EXERCISE
Repeat the data below in full. Pictures must not be part of the copy.
---- SUPPLIED INFORMATION
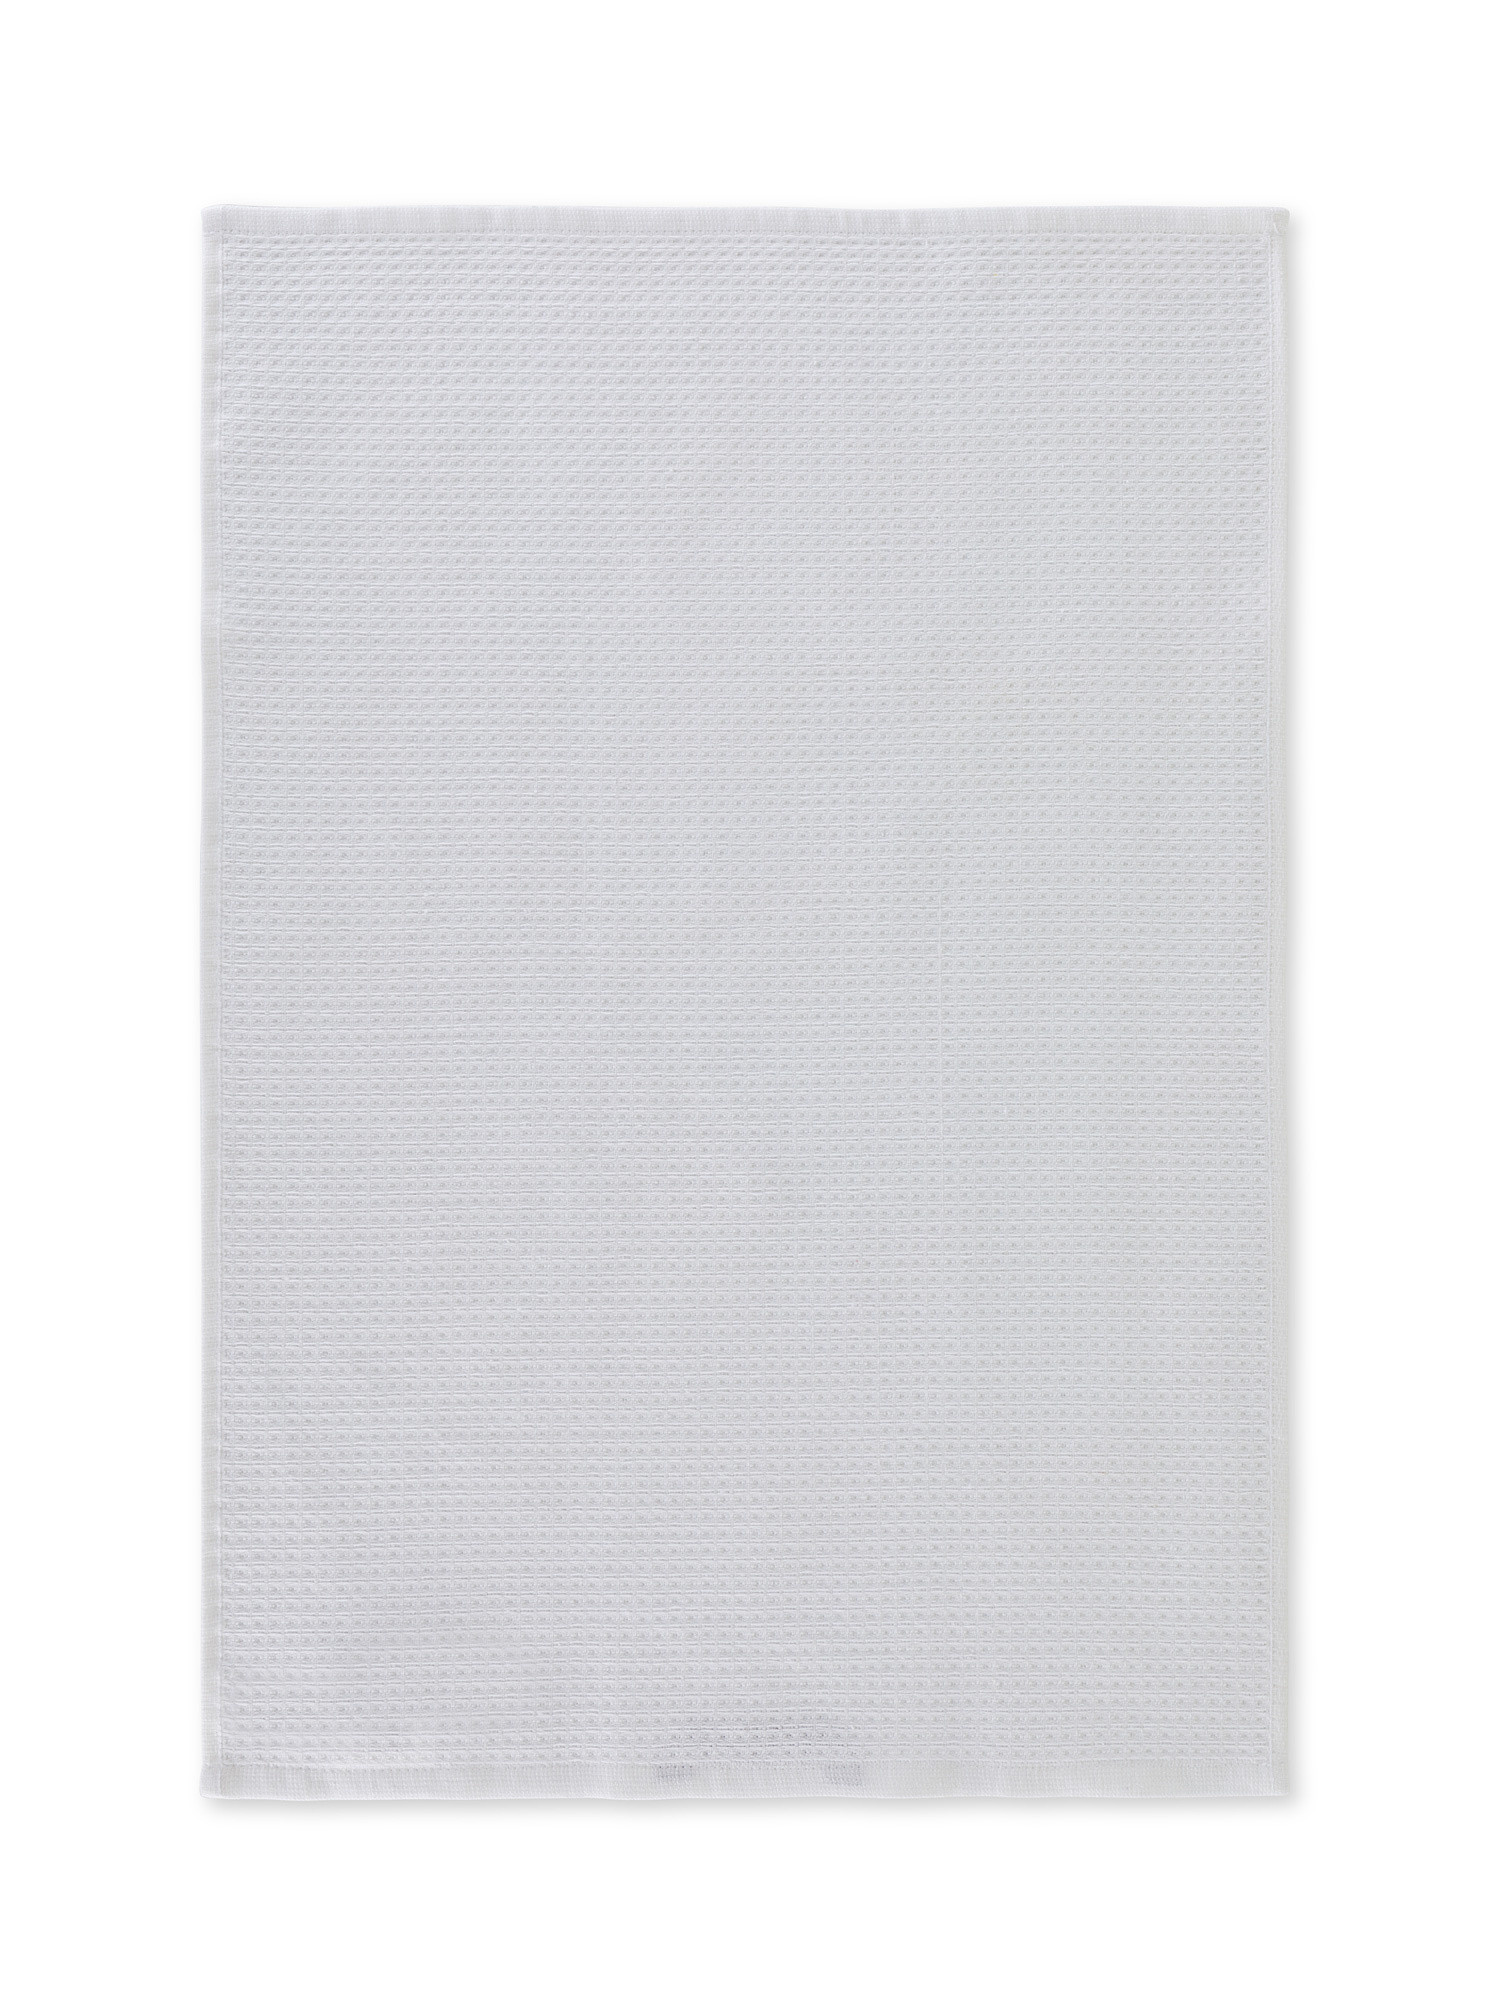 Set of 3 plain color cotton terry cloths, White, large image number 1
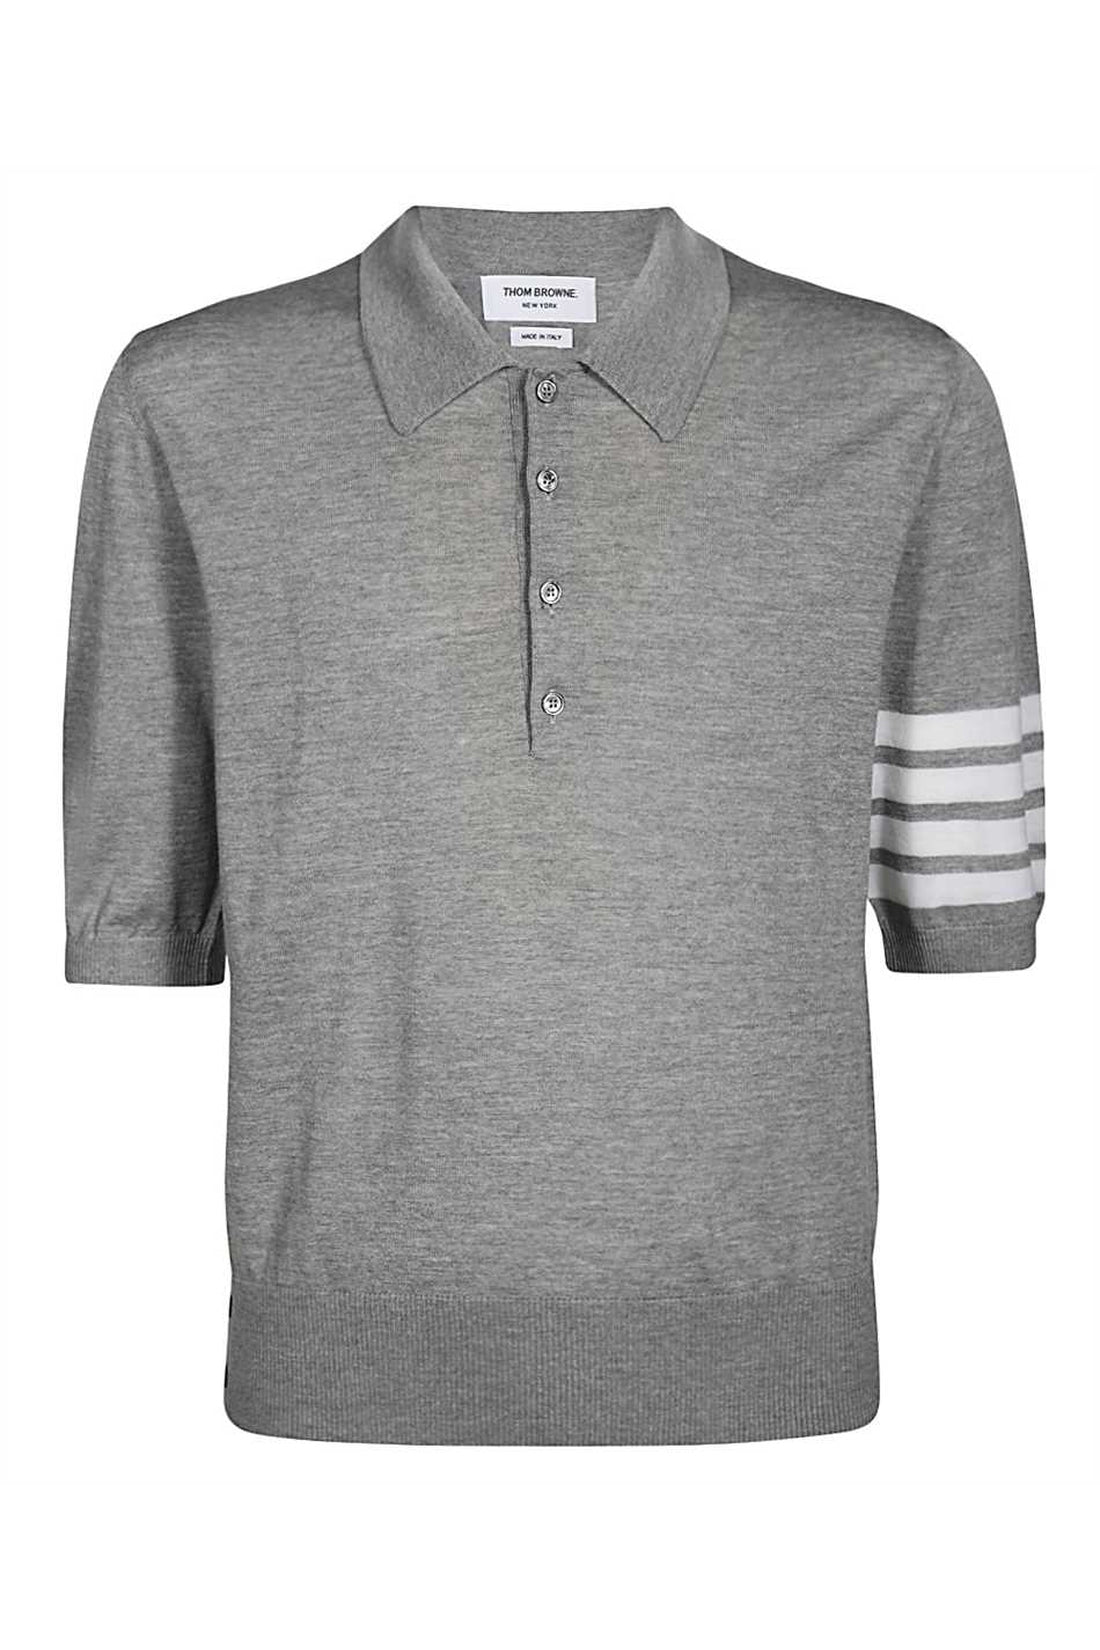 Thom Browne-OUTLET-SALE-Short sleeve cotton polo shirt-ARCHIVIST
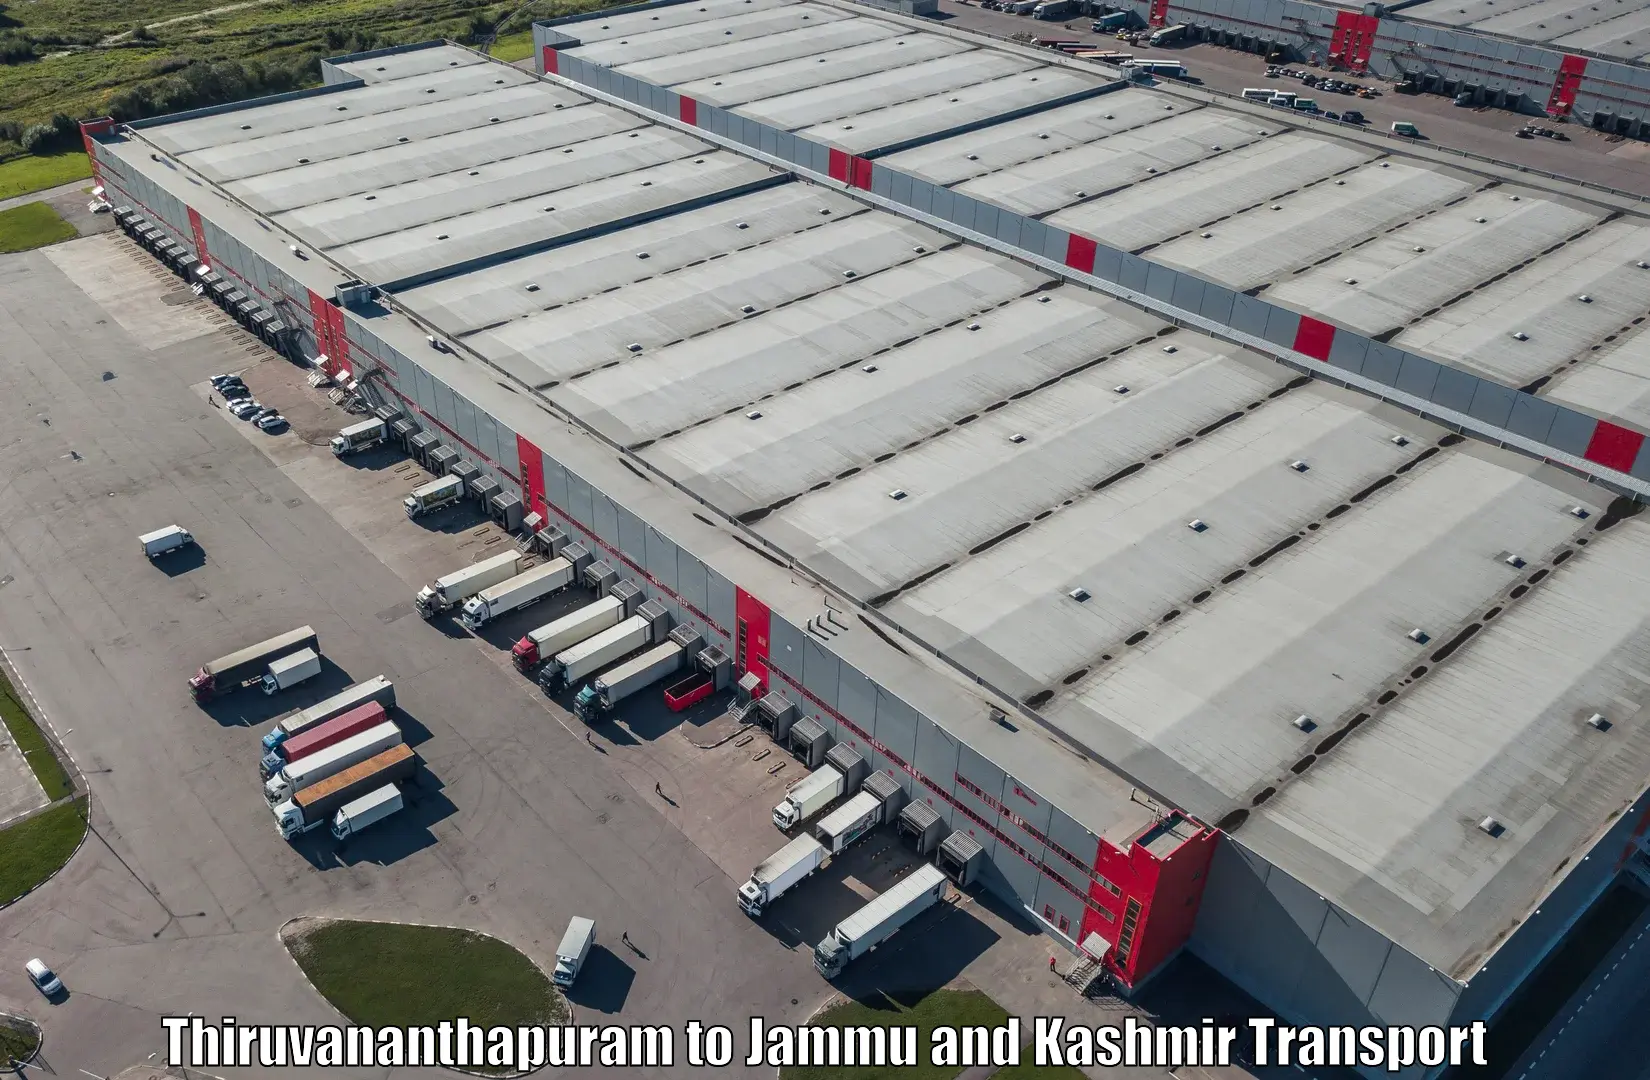 Truck transport companies in India in Thiruvananthapuram to Shopian
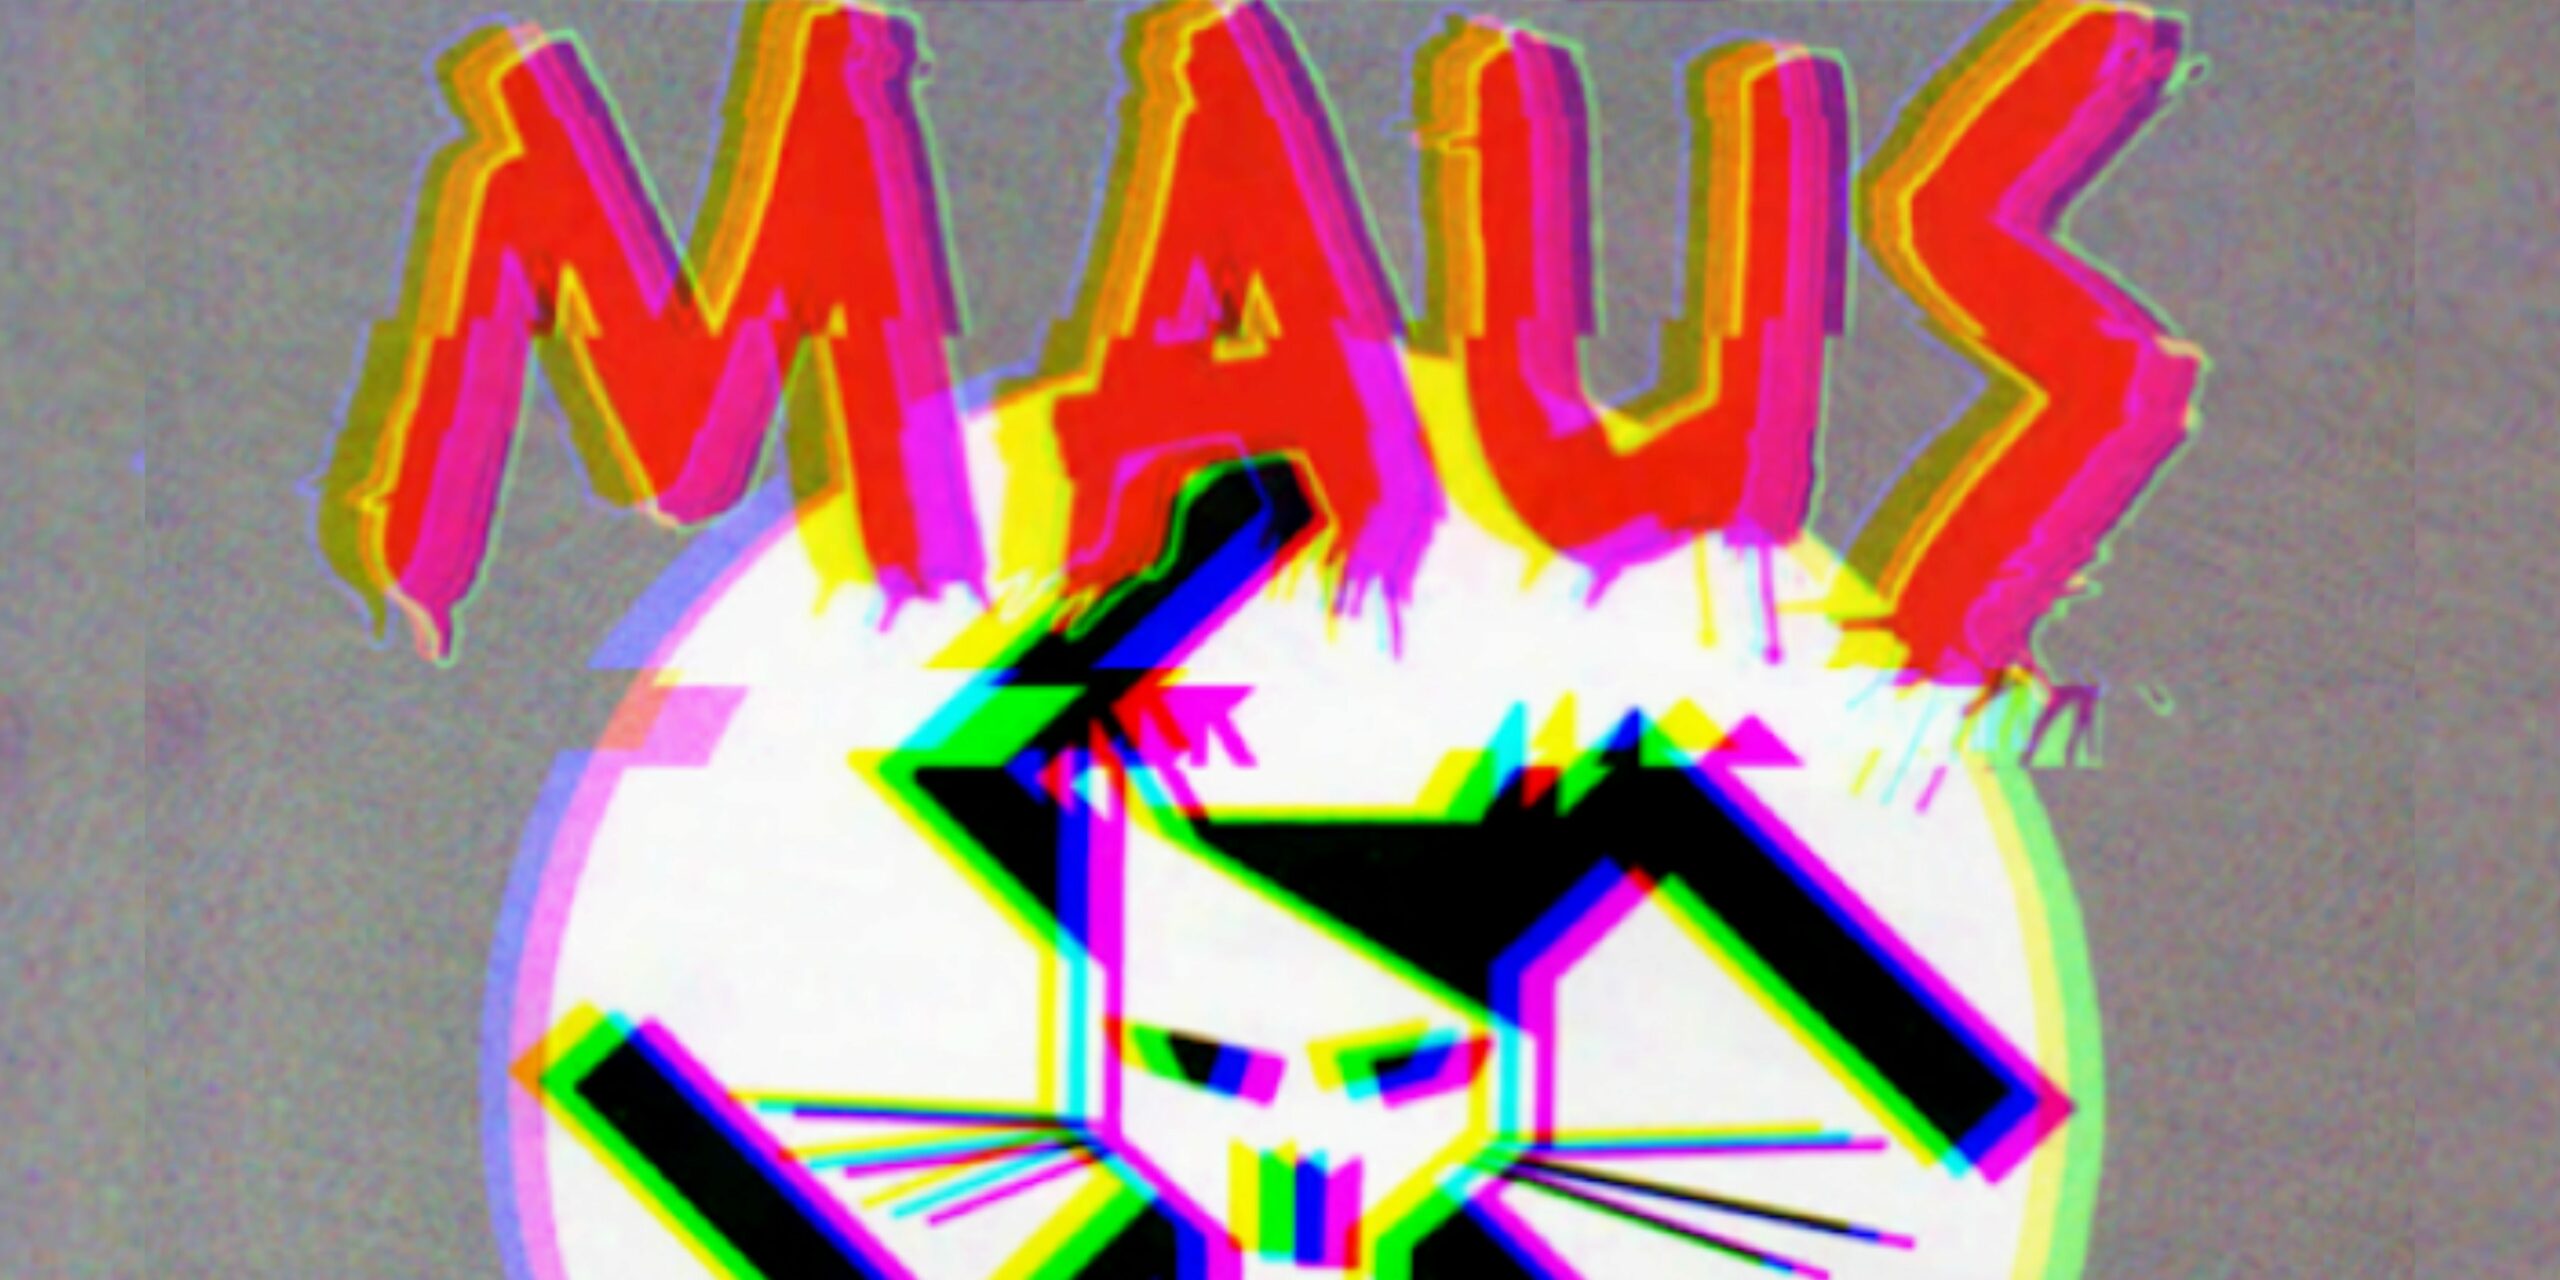 Maus II (And here my troubles begin), Art Spiegelman, 1992
--------
EXERCISE SOLUTION
 Set of 3 plain color cotton terry cloths, White, large image number 1
 Thom Browne-OUTLET-SALE-Short sleeve cotton polo shirt-ARCHIVIST
 Truck transport companies in India in Thiruvananthapuram to Shopian
 Maus II (And here my troubles begin), Art Spiegelman, 1992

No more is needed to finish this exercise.